Memory access is O(N^[1/3])
Physical and Geometric Limits
- Several comments tie memory latency to physics: finite speed of light and bounds like the Bekenstein/holographic limits, implying at best surface-area scaling rather than volume (Ω(N^1/2) or Ω(N^1/3) depending on dimensional assumptions).
- Others argue this is too speculative for “near-black-hole” computers: going from entropy bounds to concrete latency involves multiple abstractions (classical vs quantum, where data must arrive, support mass, time dilation, heat removal).
- There’s debate whether modern hardware is effectively 2D (PCB/IC layouts → ~√N scaling) versus partially 3D-stacked memory, and whether heat dissipation (area-limited) dominates.
What Big‑O and “N” Actually Mean
- Long subthread clarifies that Big‑O is an upper bound on a function, not inherently “worst case” and not itself a runtime; you must specify which function (best/average/worst case).
- Disagreement over whether a single random memory access should be modeled as O(1) or O(M^{1/3}), where M is addressable memory.

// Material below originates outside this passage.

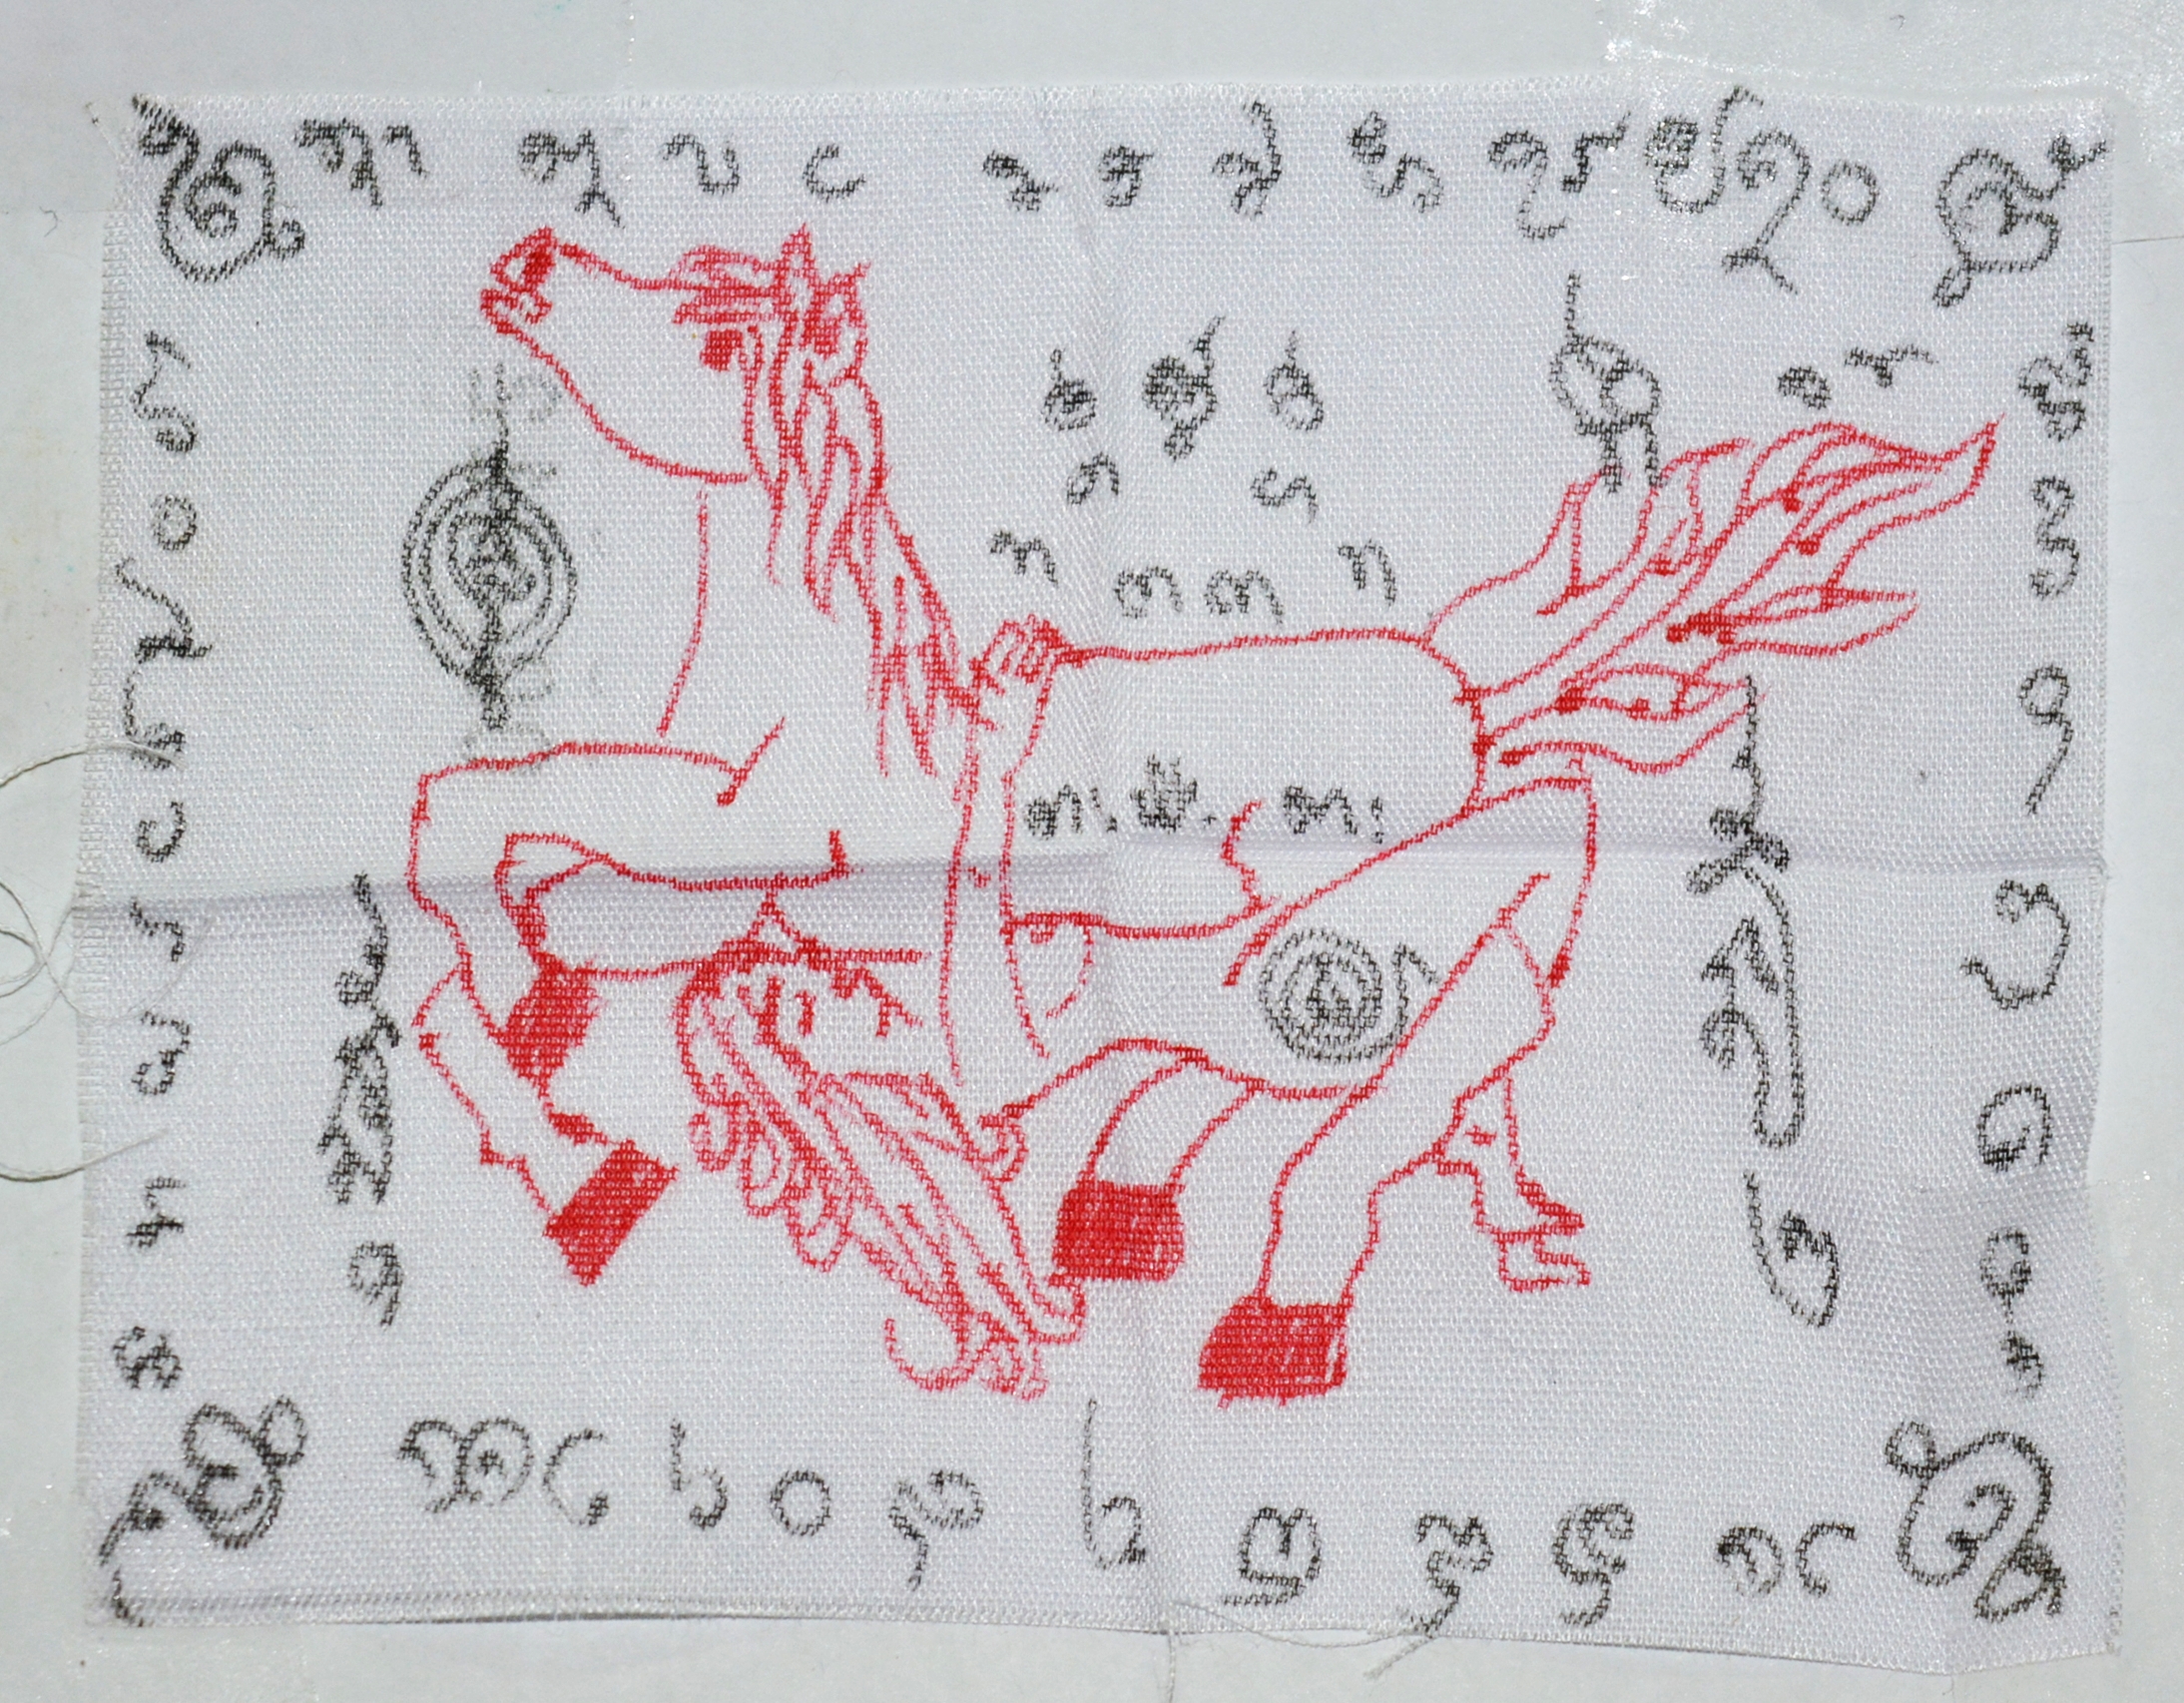 ผ้ายันต์ม้าเสพนาง มหาเสน่ห์ 10 ทิศ หลวงพ่อสามชัย วัดดอนกระดี่ อ่างทอง 2558

- Some say algorithmic complexity should include this factor (e.g., linear scan becomes O(N·M^{1/3})); others argue M^{1/3} is just another hardware constant, like CPU frequency, for most algorithm analysis.
- Multiple people stress that “N = data size” and “M = memory pool size” are distinct; adding 1/3 to every exponent is usually mixing them up.
Empirical Evidence and the Article’s Argument
- Several note prior work (“Myth of RAM”) where measured latencies over many systems fit ≈√N better than N^{1/3}.
- Many object that the article’s “empirical argument” is a ChatGPT-generated table, not real measurements; trust in such data is heavily criticized.
- Some interpret the article as about latency of a single random access vs total memory size, not time to scan all memory; confusion arises from ambiguous wording like “access 8× as much memory.”
- One commenter points out that full scans can remain O(N) if bandwidth scales and latency is overlapped.
Architecture, Caches, and NUMA
- Several argue the result is largely an artifact of cache hierarchy design rather than a pure geometric law; practical behavior is more step-function-like (L1/L2/L3/RAM/disk).
- NUMA, multi-socket systems, and distributed/cloud setups are discussed as real manifestations of non‑uniform memory access; others note NUMA cost/latency overheads and why many large services still prefer single-socket nodes.
- Examples include precomputation tables that become slower when they no longer fit in cache, and processing-in-memory / GPU-style local computation that sidesteps global O(M^{1/3}) costs.
Broader Theoretical and Practical Takeaways
- Multiple commenters emphasize that assuming O(1) RAM access is the key abstraction gap between classic models (RAM, Turing machines) and physical machines, especially at data-center scale.
- Cache-aware and cache-oblivious models already treat memory hierarchy explicitly; some see O(M^{1/3}) as a helpful intuition about why locality matters, not something that fundamentally changes algorithm design.
- Others think this is overfitted, mathematically sloppy (Big‑O vs Big‑Ω, wrong N), or trivial once restated precisely, though the core message—large, far memory is inherently slower—is widely accepted.